呼ばれた・・・




2018年3月17日は天気は文句なしの快晴。雪こそは降雪直後でパウダーだったものの先行者のトレース多数で登山に支障なし。無事に西穂高岳山頂に登頂できました。


事が起こったのは、その後山荘まで下山する時でした。


気が付いたのは第5峰付近まで戻った時でした。
手元のGPS端末を見ると「電波ロストしました」という警告が出ていたのです。前回はきちんと動作したし、この稜線で電波ロストすることなどなかったので「変だな」と思いつつ、一度再起動をしました。
ところが再起動してもすぐに電波ロスト状態になるだけでなく、現在地とはかけ離れた意味不明な場所をポイントし始めました。

この瞬間、何か普通じゃないものを感じたので、とにかく独標まで戻ろうと、稜線を下りていきました。

この時は事なきを得て無事に山荘まで下山できました。




自宅に帰り、GPSデーターを分析したところ、背筋が凍るような結果が出ました。

それが次の画像です。


お分りいただけるでしょうか?
まさに電波ロストした第5峰付近から独標隣の第10峰の間でGPSが誤作動しており、独標手前で何事もなかったかのように通常復帰しているのです。GPS自体は氷点下20度まで動作保証されており、バッテリー残量も十分でしたので機器の故障とは考えずらいです。

電波がロストしていた区間というのは滑落死亡事故が多い場所でもあります。

GPSが誤作動して送信した位置情報を見て見ると、例えばロープウェイの鍋平高原駅だったり、上高地の小梨平と明神の中間地点だったり、大滝山近辺だったり全く関連性のない場所がポイントされています。

これぐらいだったらまだ誤作動で済まされるのですが、それ以外の場所をよく見ると、西穂高岳の稜線の左右に移動した場所を示しています。
地形図と照らし合わせると、何と「もし滑落したらここに落ちるだろう」といった場所を示しているのです。

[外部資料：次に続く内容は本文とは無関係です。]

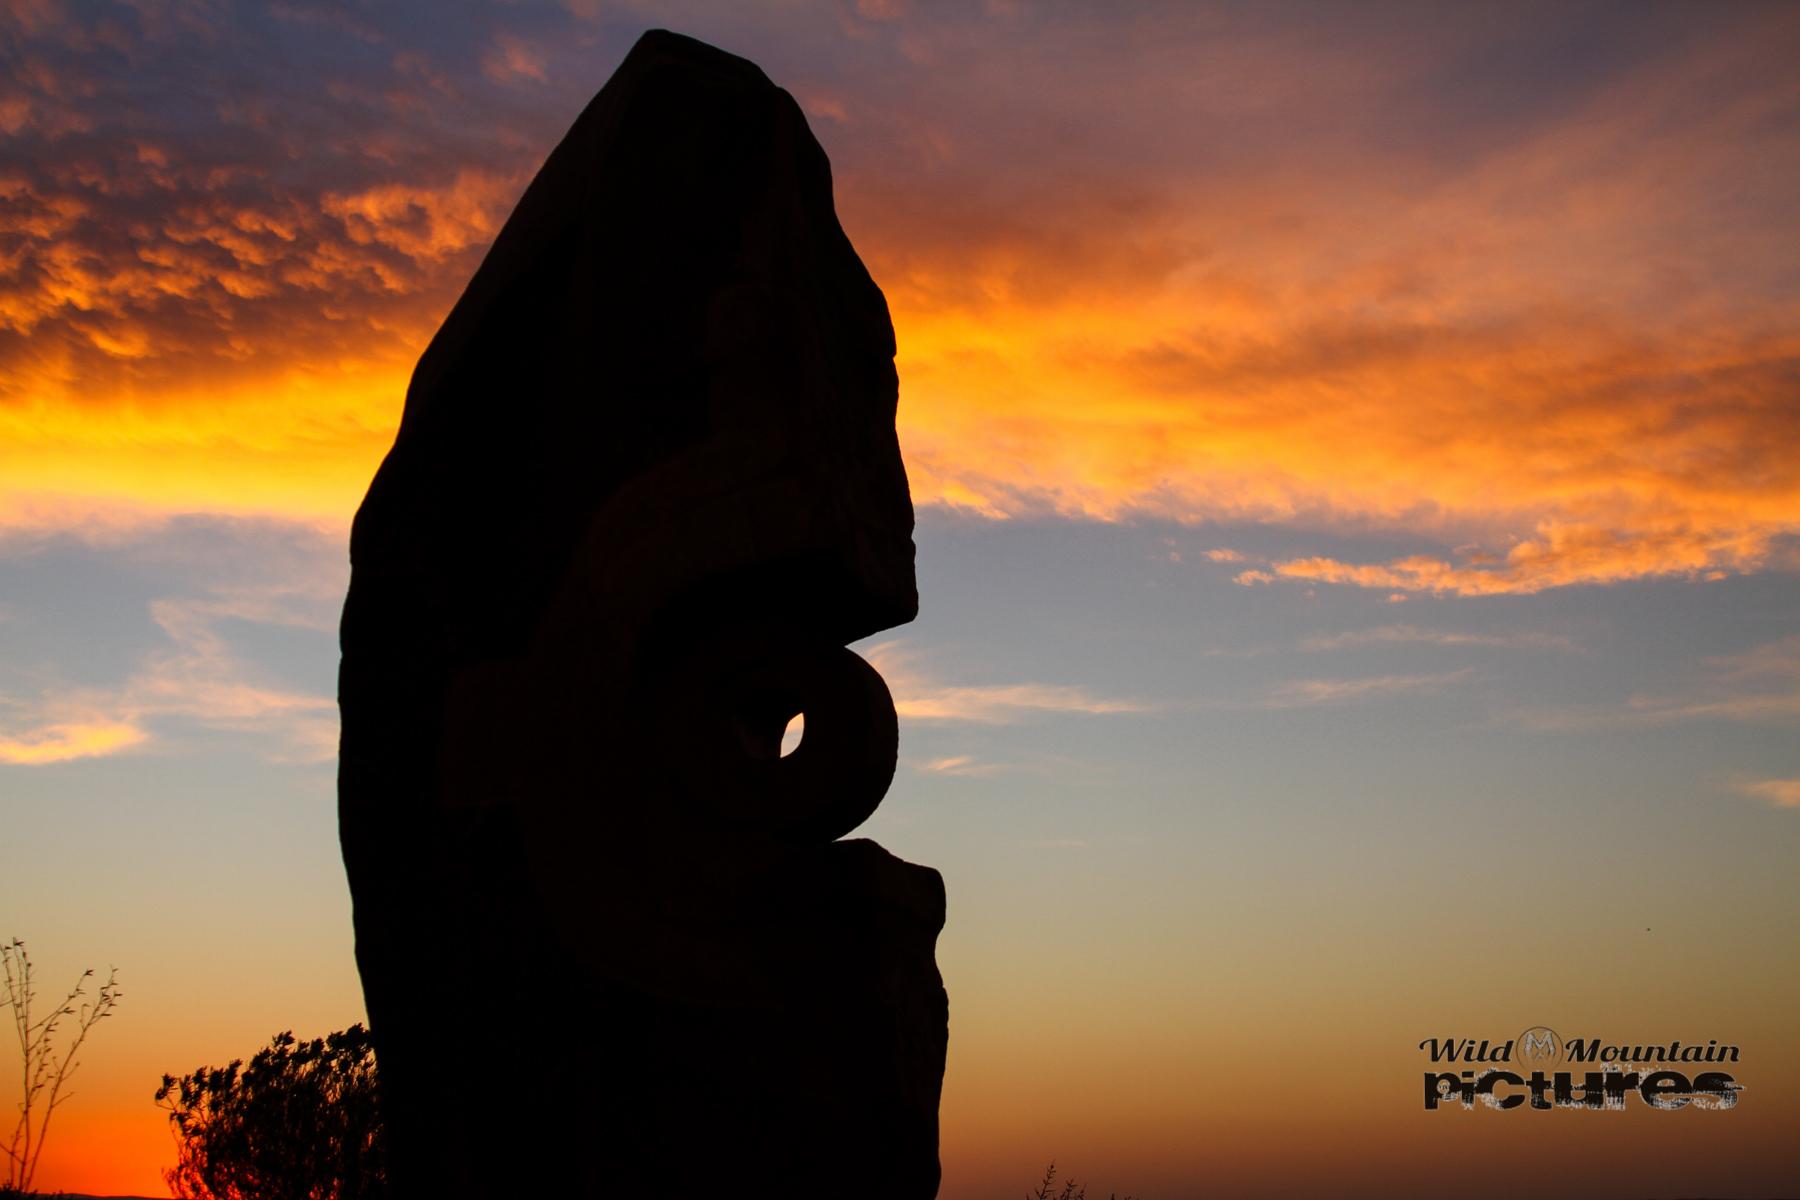 Skulptur At Sunset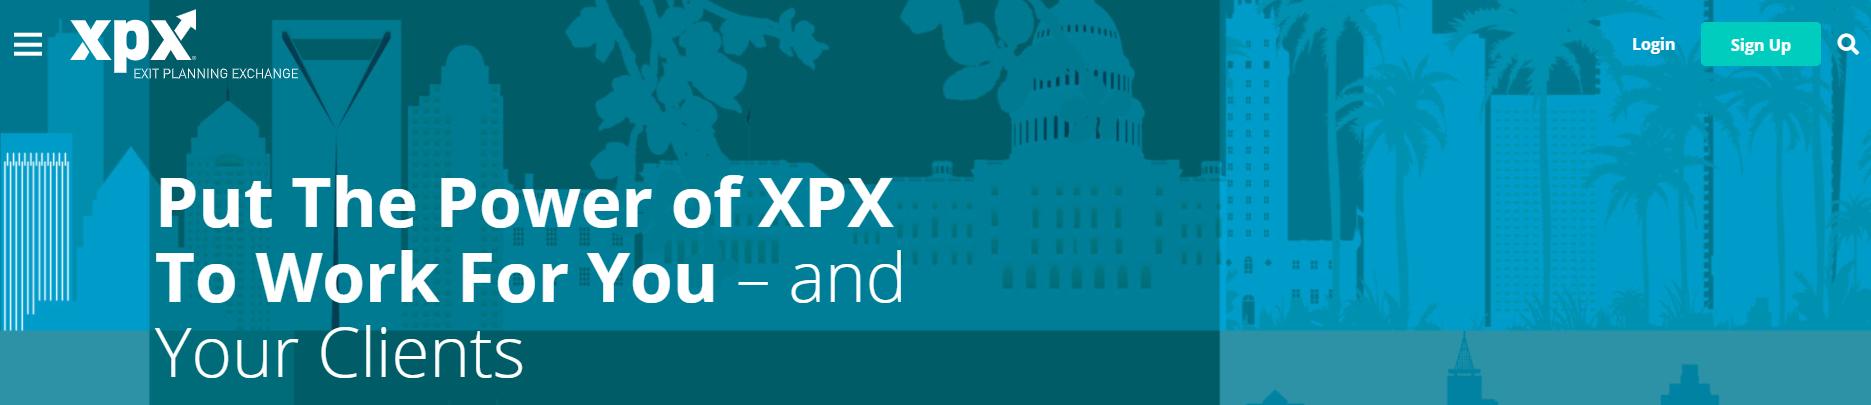 new website exit planning exchange

第9峰付近で飛騨側に滑落した場合、第4峰付近で信州側に滑落した場合などは恐らくここに行くよな、といった場所をポイントしています。


もしかして呼ばれていたのかも?・・・


ゾッとしてきました。

しかも、この時の登山記録に書きましたが、新雪が積もっているものの下層の雪の量が少なく、アイゼンの刃が岩まで到達し引っ掛けて転びそうになる事が多かったのです。
ですが、今回はそれが不自然に電波ロストした区間に集中しており、記録には書きませんでしたが、ここでバランス崩したらまずいでしょと言った場所に限ってアイゼンが岩に引っかかって転倒しそうになっていたのです。


これまで西穂高の稜線上では色々と怖い思いをしてきましたが、今回の体験がこれまでで一番怖いものとなりました。